> **Exercise directions**: The lines to copy from the data below are those that hold the string "Black".

** Opening Available data block **

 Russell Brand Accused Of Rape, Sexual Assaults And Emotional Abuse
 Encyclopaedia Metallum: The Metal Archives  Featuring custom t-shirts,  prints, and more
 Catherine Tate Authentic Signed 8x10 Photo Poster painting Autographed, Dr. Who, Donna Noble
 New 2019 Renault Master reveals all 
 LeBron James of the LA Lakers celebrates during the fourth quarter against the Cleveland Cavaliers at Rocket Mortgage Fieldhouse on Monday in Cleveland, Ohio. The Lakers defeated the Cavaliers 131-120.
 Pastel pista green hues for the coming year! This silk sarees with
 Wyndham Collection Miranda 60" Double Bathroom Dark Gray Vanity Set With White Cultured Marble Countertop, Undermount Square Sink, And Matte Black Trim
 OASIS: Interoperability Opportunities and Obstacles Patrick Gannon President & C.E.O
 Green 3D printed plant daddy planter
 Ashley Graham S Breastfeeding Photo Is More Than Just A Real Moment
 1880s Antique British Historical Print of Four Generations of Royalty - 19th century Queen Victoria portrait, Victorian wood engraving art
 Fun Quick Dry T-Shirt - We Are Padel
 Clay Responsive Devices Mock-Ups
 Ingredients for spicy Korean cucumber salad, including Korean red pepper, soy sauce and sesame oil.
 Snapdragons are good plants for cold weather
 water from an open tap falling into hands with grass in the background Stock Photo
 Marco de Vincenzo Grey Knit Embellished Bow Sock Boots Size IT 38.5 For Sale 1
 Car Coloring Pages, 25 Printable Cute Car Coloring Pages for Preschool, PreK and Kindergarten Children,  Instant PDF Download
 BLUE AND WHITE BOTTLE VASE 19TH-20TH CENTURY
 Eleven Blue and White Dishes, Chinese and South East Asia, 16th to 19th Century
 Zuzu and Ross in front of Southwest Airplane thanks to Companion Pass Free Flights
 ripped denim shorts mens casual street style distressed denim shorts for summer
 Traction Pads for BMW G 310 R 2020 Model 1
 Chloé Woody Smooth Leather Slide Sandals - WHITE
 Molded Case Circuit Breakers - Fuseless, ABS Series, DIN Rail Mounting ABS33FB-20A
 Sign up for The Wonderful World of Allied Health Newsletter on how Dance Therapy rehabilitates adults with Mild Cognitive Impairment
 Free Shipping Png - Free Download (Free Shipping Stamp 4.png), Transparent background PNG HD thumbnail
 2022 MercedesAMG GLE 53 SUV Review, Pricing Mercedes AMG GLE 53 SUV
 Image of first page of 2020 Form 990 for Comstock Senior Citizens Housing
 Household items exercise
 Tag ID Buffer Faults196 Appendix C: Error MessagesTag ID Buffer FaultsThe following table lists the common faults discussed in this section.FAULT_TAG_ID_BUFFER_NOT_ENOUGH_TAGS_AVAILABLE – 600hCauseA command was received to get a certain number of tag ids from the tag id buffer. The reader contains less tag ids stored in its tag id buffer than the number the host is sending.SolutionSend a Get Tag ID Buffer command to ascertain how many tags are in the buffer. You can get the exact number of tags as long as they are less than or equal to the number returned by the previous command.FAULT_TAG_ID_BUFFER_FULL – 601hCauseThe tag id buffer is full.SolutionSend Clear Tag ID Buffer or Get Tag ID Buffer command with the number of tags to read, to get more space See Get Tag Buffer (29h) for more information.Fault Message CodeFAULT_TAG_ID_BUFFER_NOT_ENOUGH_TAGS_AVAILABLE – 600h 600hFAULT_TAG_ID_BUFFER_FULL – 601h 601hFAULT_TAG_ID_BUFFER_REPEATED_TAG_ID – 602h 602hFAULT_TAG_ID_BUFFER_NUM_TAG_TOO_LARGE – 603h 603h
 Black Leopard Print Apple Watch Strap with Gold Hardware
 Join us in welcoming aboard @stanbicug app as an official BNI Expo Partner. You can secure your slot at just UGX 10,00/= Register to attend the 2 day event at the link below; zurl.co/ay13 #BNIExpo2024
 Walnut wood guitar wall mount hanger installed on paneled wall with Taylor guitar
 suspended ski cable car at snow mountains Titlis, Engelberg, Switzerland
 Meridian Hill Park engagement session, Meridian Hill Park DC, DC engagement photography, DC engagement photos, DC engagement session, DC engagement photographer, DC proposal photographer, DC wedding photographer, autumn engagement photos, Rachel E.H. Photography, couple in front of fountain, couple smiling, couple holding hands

** Closing Available data block **

> **Task response**:
 Wyndham Collection Miranda 60" Double Bathroom Dark Gray Vanity Set With White Cultured Marble Countertop, Undermount Square Sink, And Matte Black Trim
 Black Leopard Print Apple Watch Strap with Gold Hardware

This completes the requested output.